Votre commentaire sur l’élection de Barack Obama en tant que 44è président des États-Unis d’Amérique ?
J’en ai été très heureuse, vous imaginez bien. Mais cela ne signifie pas du tout que les États-Unis ont changé. Je constate tout simplement qu’il y a eu une forte mobilisation de toutes les minorités aussi bien noire, asiatique, hispanophone qu’homosexuels…Ils ont tous voté, unanimes, comme un seul homme pou Obama. C’est pour cela qu’Obama gagne en réalité. Donc il y a eu une prise de conscience réelle et c’est bien pour les États-Unis parce que cela change l’image du pays. Après huit ans de carnage de Georges Bush, Obama est une bénédiction pour les Américains.
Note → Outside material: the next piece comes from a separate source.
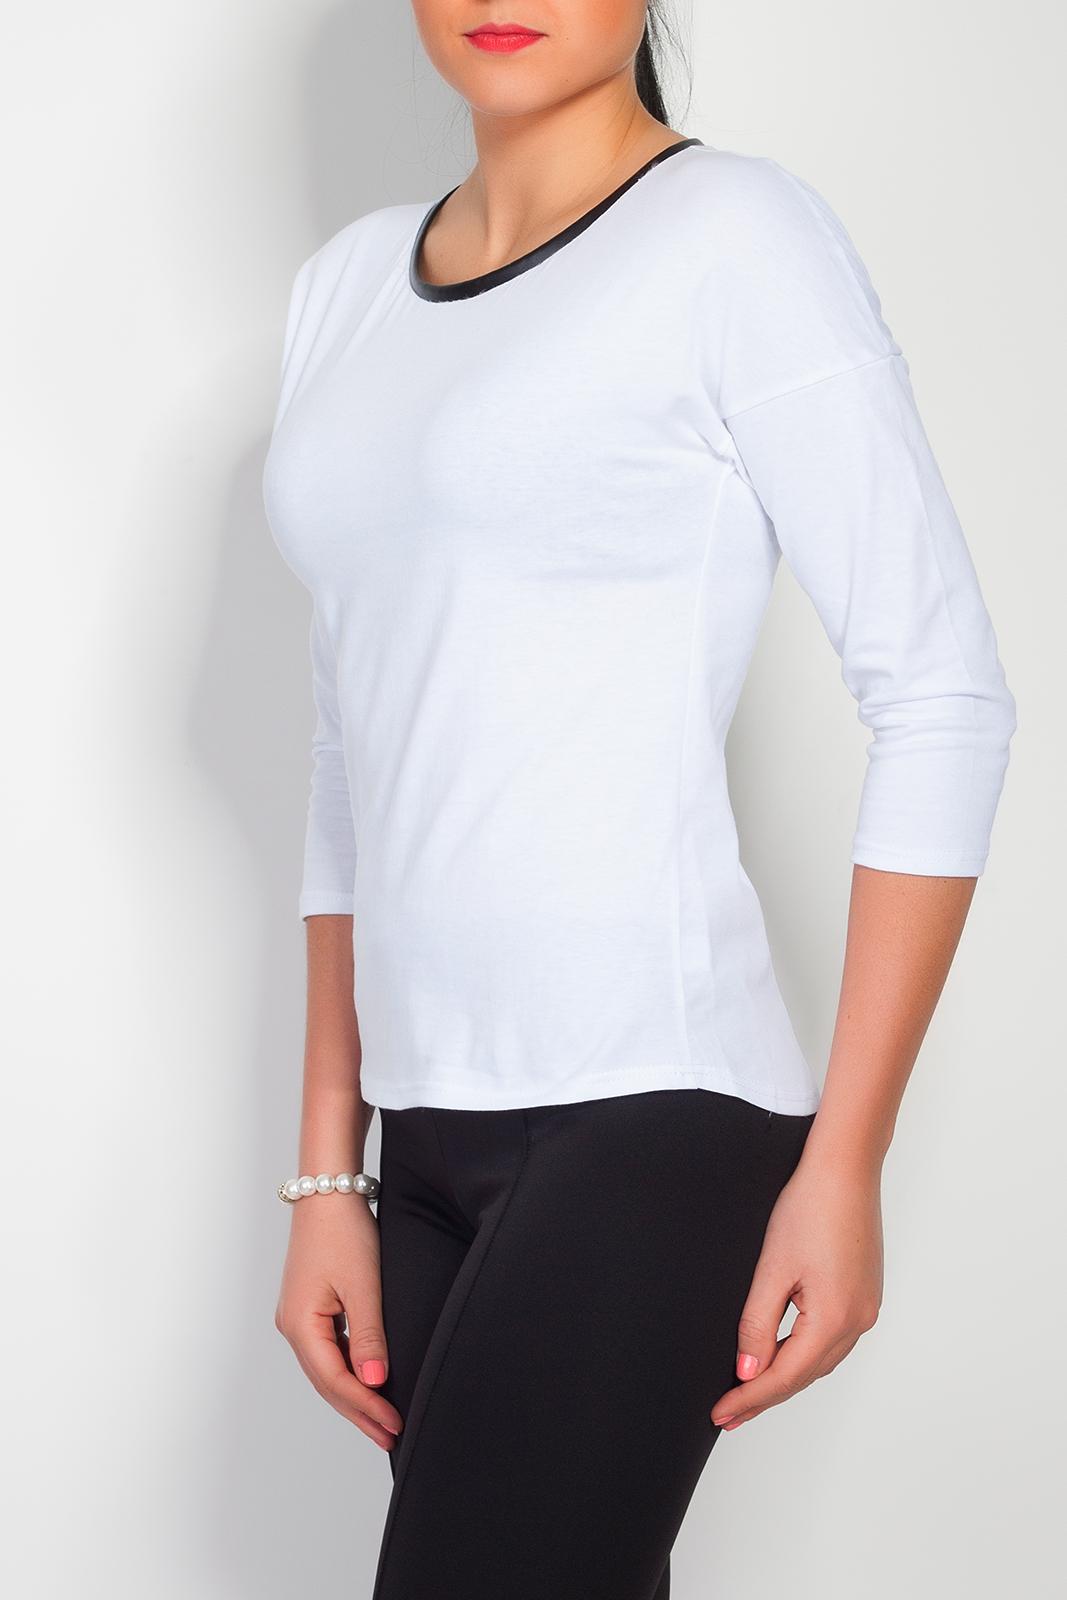 Bavlněné triko se zipem, bílá, jednotná

Il donne un nouveau dynamisme au pays. Il a changé le regard hostile que le reste du monde avait sur les États-Unis. C’est un regard plus acceptable, plus tolérant, plus lumineux d’ailleurs, pour le peuple américain. Je n’ai jamais pensé que c’est un Africain puisque, malgré tout, il est d’abord le président des Américains. Les États-Unis est un pays de prédateurs et même avec Obama, ils vont continuer à avoir des attitudes de prédateur.
Que l’Afrique peut espérer de cette élection ?
Rien. C’est le président des Américains. Il est temps que les Africains l’apprennent. Il va d’abord servir son peuple avant de faire des petits coudes. C’est tout à fait logique.